The Russian invasion of Ukraine has fast tracked the Uranium Reserve Program. On May 5, 2022, the U.S. Secretary of Energy Jennifer Granholm testified before the Senate Committee on Energy and Natural Resources that the DoE “would make direct purchases of domestically mined and converted uranium this calendar year to establish a strategic uranium reserve”. Secretary Granholm’s comments make clear that the U.S. is thinking larger.
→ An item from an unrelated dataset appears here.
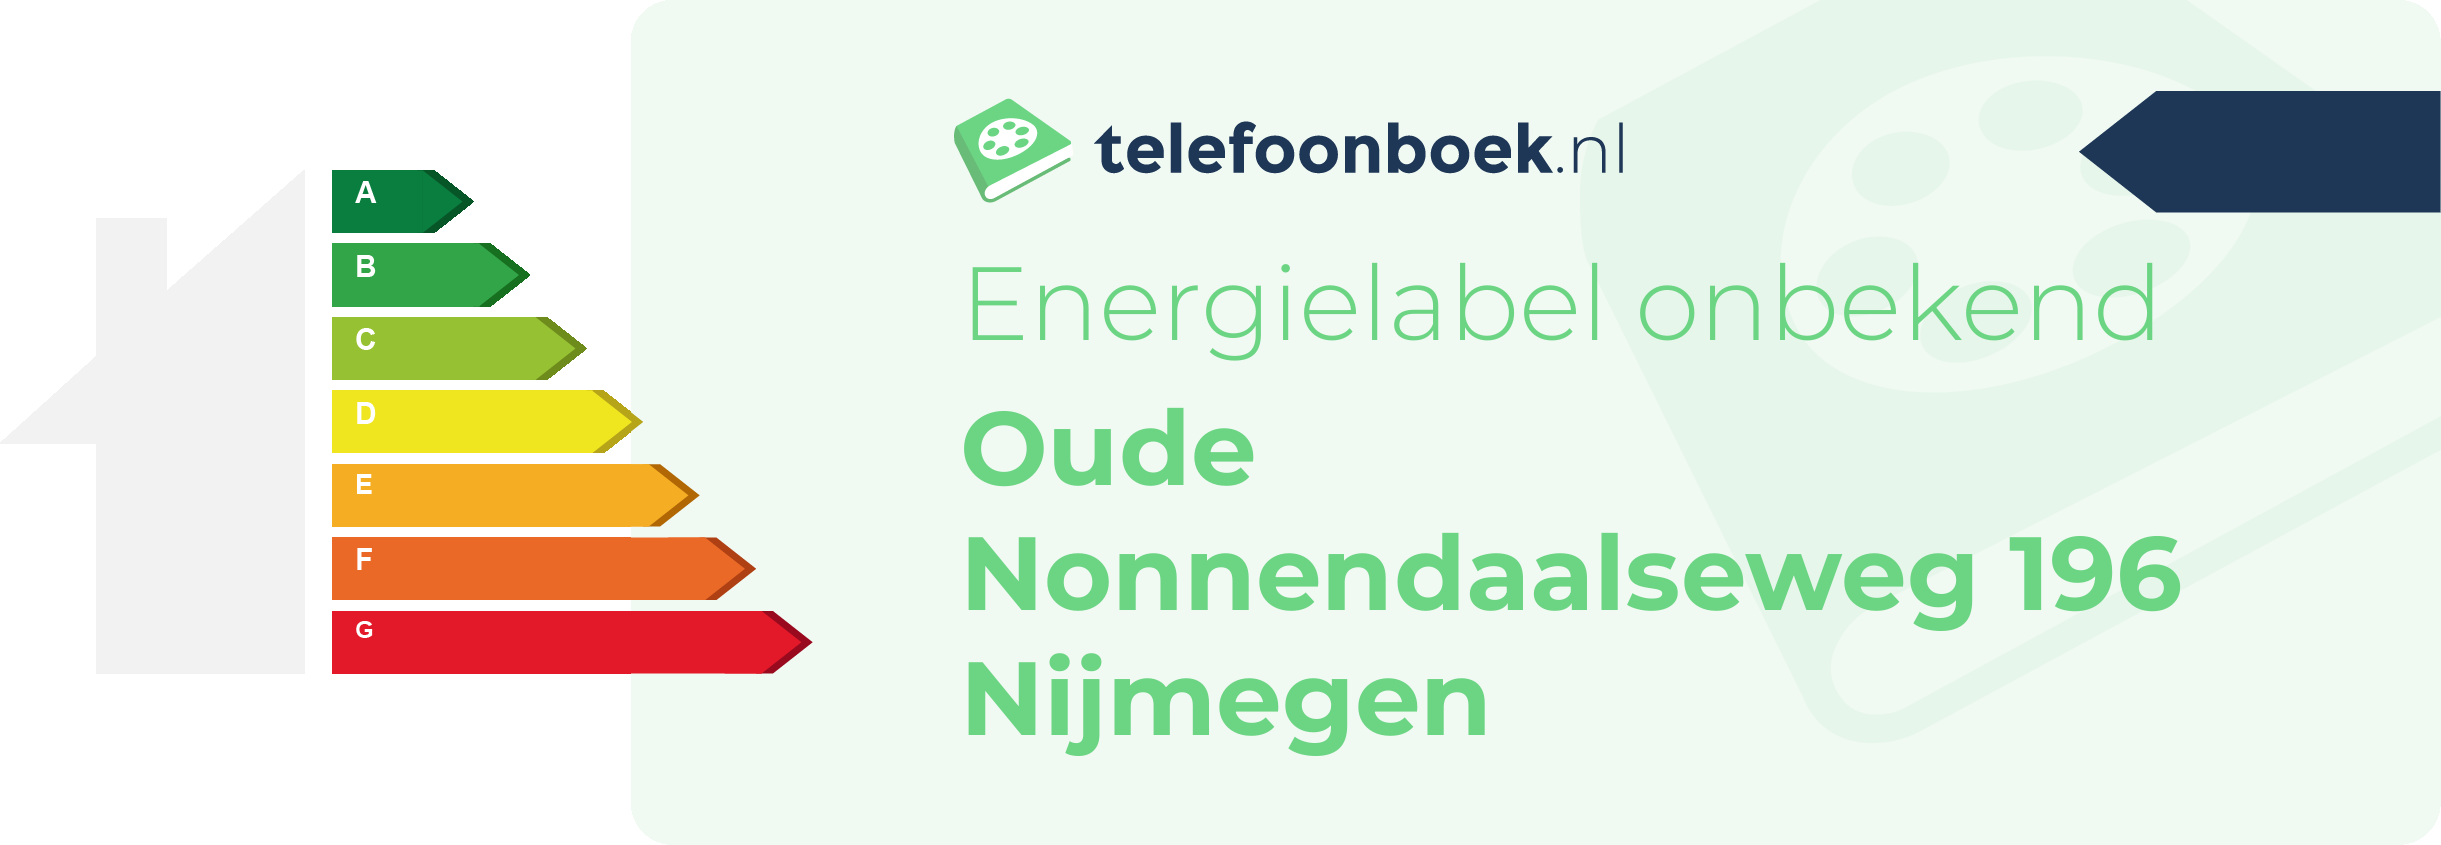 Energielabel Oude Nonnendaalseweg 196 Nijmegen
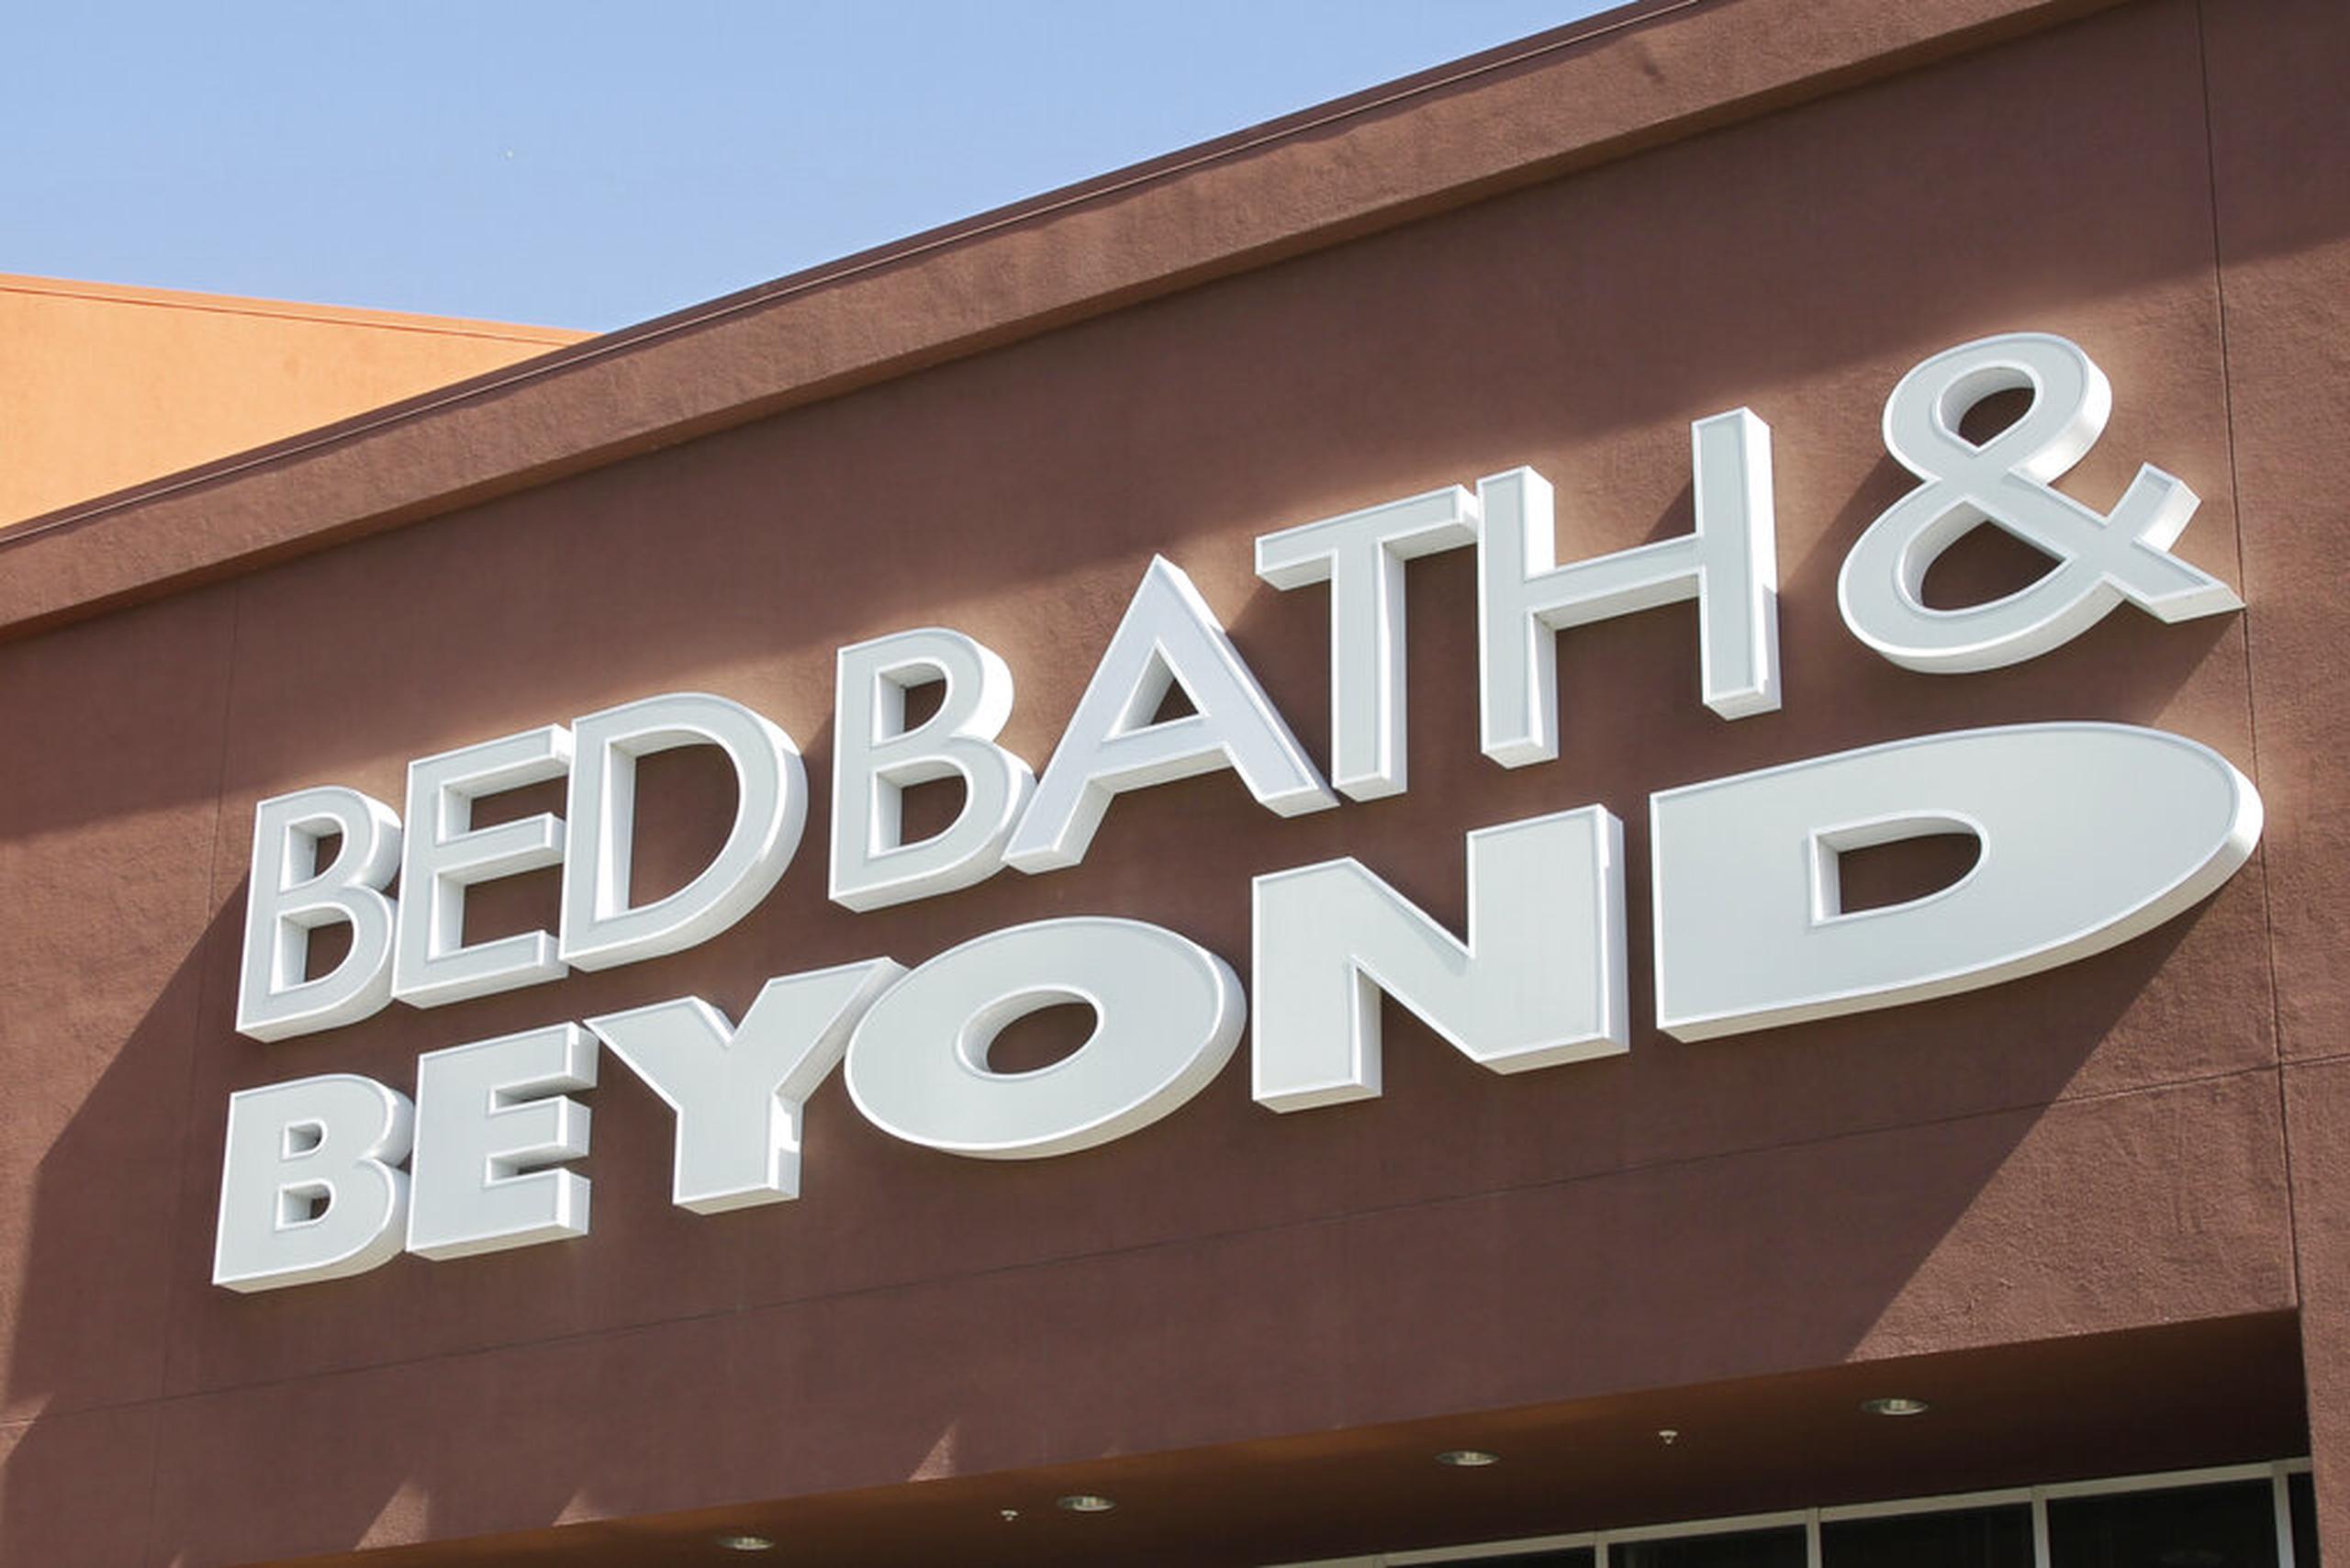 Bed Bath & Beyond planea reducir rápidamente sus gastos con una reducción de aproximadamente un 20% de su plantilla, que en 2020 era de unos 55,000 empleados.

Granholm stated that “We should not be sending any money to Russia for any American energy or for any other reason,” and “if we move away from Russia right away, we want to make sure we have the ability to continue to keep the fleet afloat.” To accomplish this, she further disclosed that the DoE is “developing a full-on uranium strategy that’s going through the interagency process.”

Subsequently in June 2022, the U.S. Department of Energy (“DOE”) released program guidelines to initiate purchases of up to $75 million of U.S. domestic origin uranium inventory from existing storage at the Honeywell Metropolis Works uranium conversion facility in Metropolis, Illinois. The DOE awarded contracts in December 2022 for the purchase of 1,100,000 lbs of uranium that were delivered in the first quarter of 2023. Five uranium companies disclosed receiving contract awards within a price range from $59.50 to $70.50 per pound. Western did not hold qualifying inventory, and as such did not submit a bid proposal. An expansion of the U.S. Uranium Reserve program continues to be discussed. As originally proposed, the program contemplated $150M in annual purchases for a 10year period, which would aggregate to $1.5 billion over its lifetime.

Biden-Harris Administration Initiatives

The positive momentum has continued for the nuclear and uranium mining sector due to the Biden-Harris Administration’s emphasis on climate change. Upon taking office, the Biden team immediately rejoined the Paris Agreement and continued its pursuit of campaign promises of investments in clean energy, creating jobs, producing clean electric power, and achieving carbon-pollution free energy in electricity generation by 2035. Since taking office, President Biden has given all agencies climate change initiatives and has started a climate change working group. The existing U.S. nuclear reactor fleet currently produces in excess of 50% of U.S. clean energy, and new, advanced nuclear technologies promise to generate additional clean energy. A White House national climate advisor told the media in a press briefing that the Biden-Harris Administration intends to seek a national clean energy standard that includes nuclear energy. The Company believes that nuclear energy will be increasingly able to compete on a level playing field with renewable energy technologies. The Harris-Biden DoE has been a supporter of new nuclear technologies and invested in next generation demonstration reactors due to its pro-climate agenda.

On August 16, 2022, President Biden signed into law the Inflation Reduction Act, which is a significantly reduced version of the Build Back Better plan. This Act provides for $369 billion in climate and energy investments, a portion of which will significantly benefit the U.S. domestic nuclear industry. Notably, while protecting the climate, there is a leveling of the playing field with renewable energy, which has long benefited from government support. We see the benefits to nuclear split across existing reactors, new advanced reactors, low enriched uranium and high-assay low enriched uranium nuclear fuels, and in multiple stages of the domestic nuclear fuel cycle. We believe that each of these benefits increase future aggregate uranium demand. While this represents the largest funding support of the U.S. nuclear industry in decades, there could be a larger secondary benefit as greater funding was allocated to battery technologies including vanadium redox flow batteries (VRFB).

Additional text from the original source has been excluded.